Most crime serials like CSI and Law and Order are standard, boiler-plate whodunnits where the central narrative driver is discovering the killer’s identity. Rarer still is the howdunnit. Shows like Elsbeth, Poker Face, even going as far back as Columbo, for example, shake up the formula by revealing the killer from the start. The pleasure for the viewer is watching how they get found. Netflix’s new British miniseries Adolescence dispenses with the “who” and the “how” to ask a far more interesting and important question: “why?”
In Adolescence, the Miller family is torn apart when their thirteen-year-old son, Jamie, is arrested for stabbing his classmate Katie to death. While a more conventional series would have focused on the police’s efforts to prove Jamie’s guilt or dwelled on the heartbreak of the victim’s family, Adolescence takes viewers down a different rabbit hole. The series offers an unflinching examination of Jamie and why he became a juvenile murderer.
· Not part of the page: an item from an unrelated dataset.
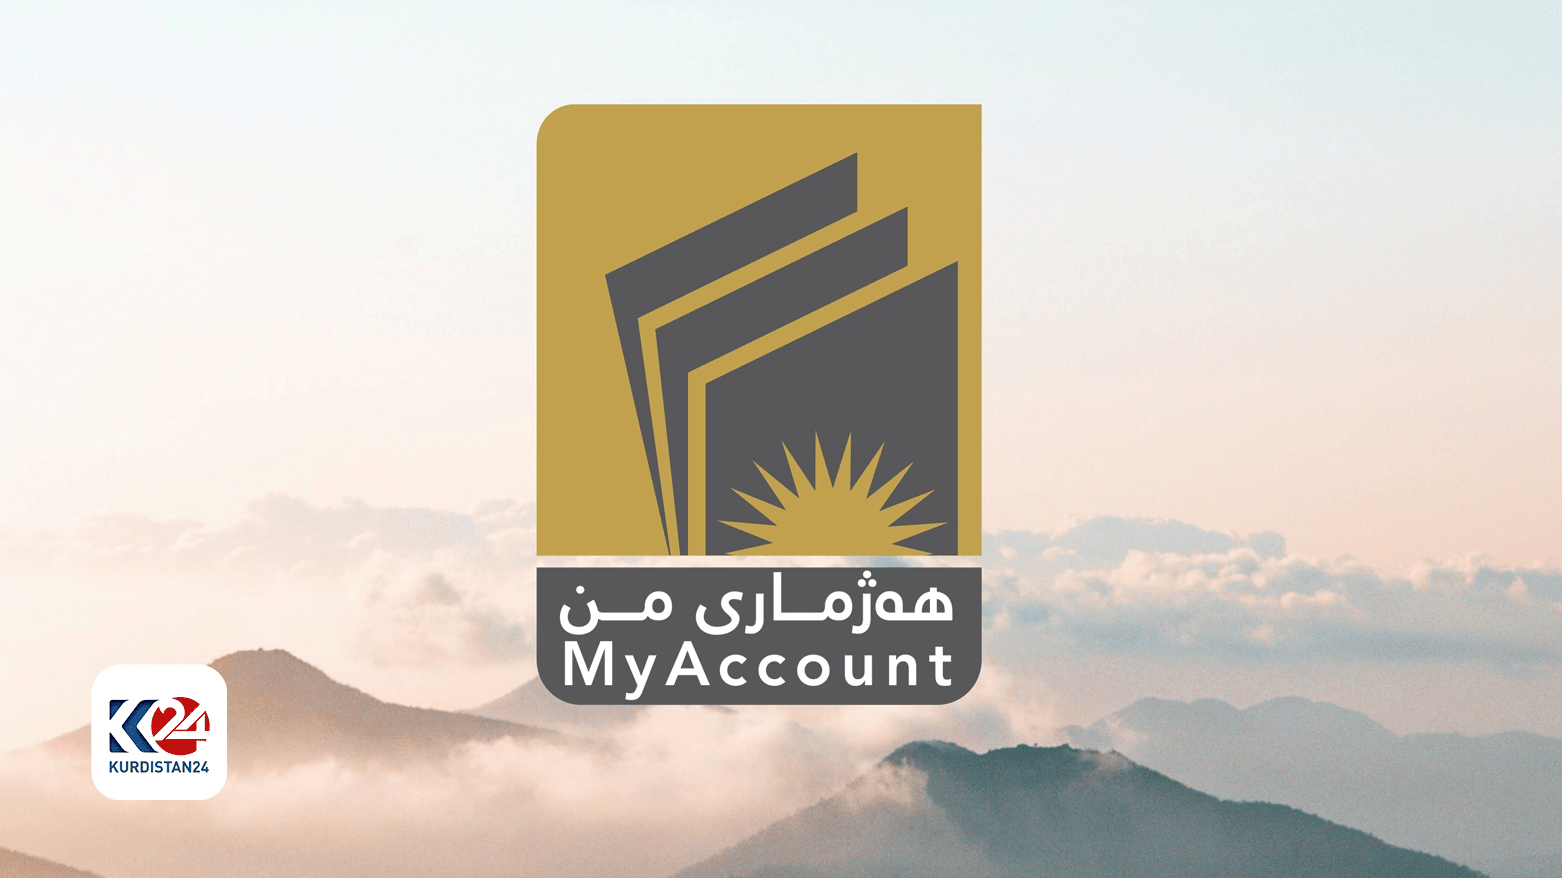  civil servants registered to MyAccount thus far

What makes Adolescence remarkable is that each episode was shot in a single continuous take. The series proves television can be both a visual and an emotional art when form and story unite. The sheer ambition and seamlessly coordinated choreography between the cast and camera crew are miraculous. The continuous take here isn’t just a gimmick; it creates hyperrealism and dynamism of motion for the story. It also induces claustrophobia. Viewers psychologically cannot break away, not even for a second. Like Jamie’s family, we are swept along by the flow of events.
Watching Adolescence felt like experiencing live theatre with a phenomenal cast. Veteran actor Stephen Graham gives a beautifully juxtaposed masculine toughness with tender vulnerability as Eddie, Jamie’s working-class father. Eddie’s struggles to reconcile his son as the boy he raised and loved with the child-killer Jamie becomes is the heart of the series. Watching the physically imposing man break down after tucking in and apologizing to his child’s teddy bear was heartbreaking.

Meanwhile, acting newcomer Owen Cooper, who plays Jamie, is spellbinding. He and Erin Doherty almost single-handedly carry Episode 3 in a profoundly intimate dive into Jamie’s psyche and understanding of manhood. Cooper is a masterful performer, one moment playfully smooth-talking Doherty’s child psychiatrist character, the next flipping into explosive rages as an intentional intimidation tactic against a grown woman. The verbal fencing between them and the gender-based violence of Jamie’s physicality was both thrilling and terrifying to watch.
In just four episodes, Adolescence offers a raw, unflinching exploration of what masculinity means today. The series confronts the influences that shape young males, from online bullying, to parent-child relationships (particularly between dads and sons). The manosphere is also exposed, including the toxic stew of ideas like incels, the 80-20 rule, and the Red Pill. Spouted by influencers like Andrew Tate, these ideologies prove irresistibly attractive to disaffected boys like Jamie seeking someone to blame.
The series reminded me of the infamous Thompson and Venables murder case in the UK in 1993. Both 10 at the time, Thompson and Venables kidnapped and slaughtered two-year-old James Bulger just for fun. Murders involving child victims understandably always prompt enormous public grief for the loss of an innocent life. Yet murders involving child perpetrators are much more complex, confronting society with the uncomfortable spectre of violence, guilt, and corruption from those who should be most innocent.

Scholars who study youths have noted a worrying trend. In the UK, and in much of the “democratic” West, there has been a marked hardening against child offenders. Law enforcement and public attitudes have embraced more hard-lined punitivism for juvenile criminals and kids in general. Often, youths are seen not just as in trouble but as troubled, and just plain trouble. Episode 2 of Adolescence shows even schools have absorbed this at-siege mentality. When the police visit Jamie’s school, all the adults there behave like they’re under assault by angry delinquents.
Adolescence shows that child-killers can spring from even the most stable families. The Millers did everything right but couldn’t stop Jamie from being poisoned by the manosphere. The series opens critical discussions that must be had, especially with young people, and especially because they are having these conversations already, whether or not adults know it. Admittedly, I only found out about Andrew Tate recently when listening to a discussion among my Film Studies undergraduates. That was a real education about a world unknown to me. Fortunately, my students, both male and female, critically reject Tate’s misogynism, proving that such noxious ideologies do not find purchase among all youths.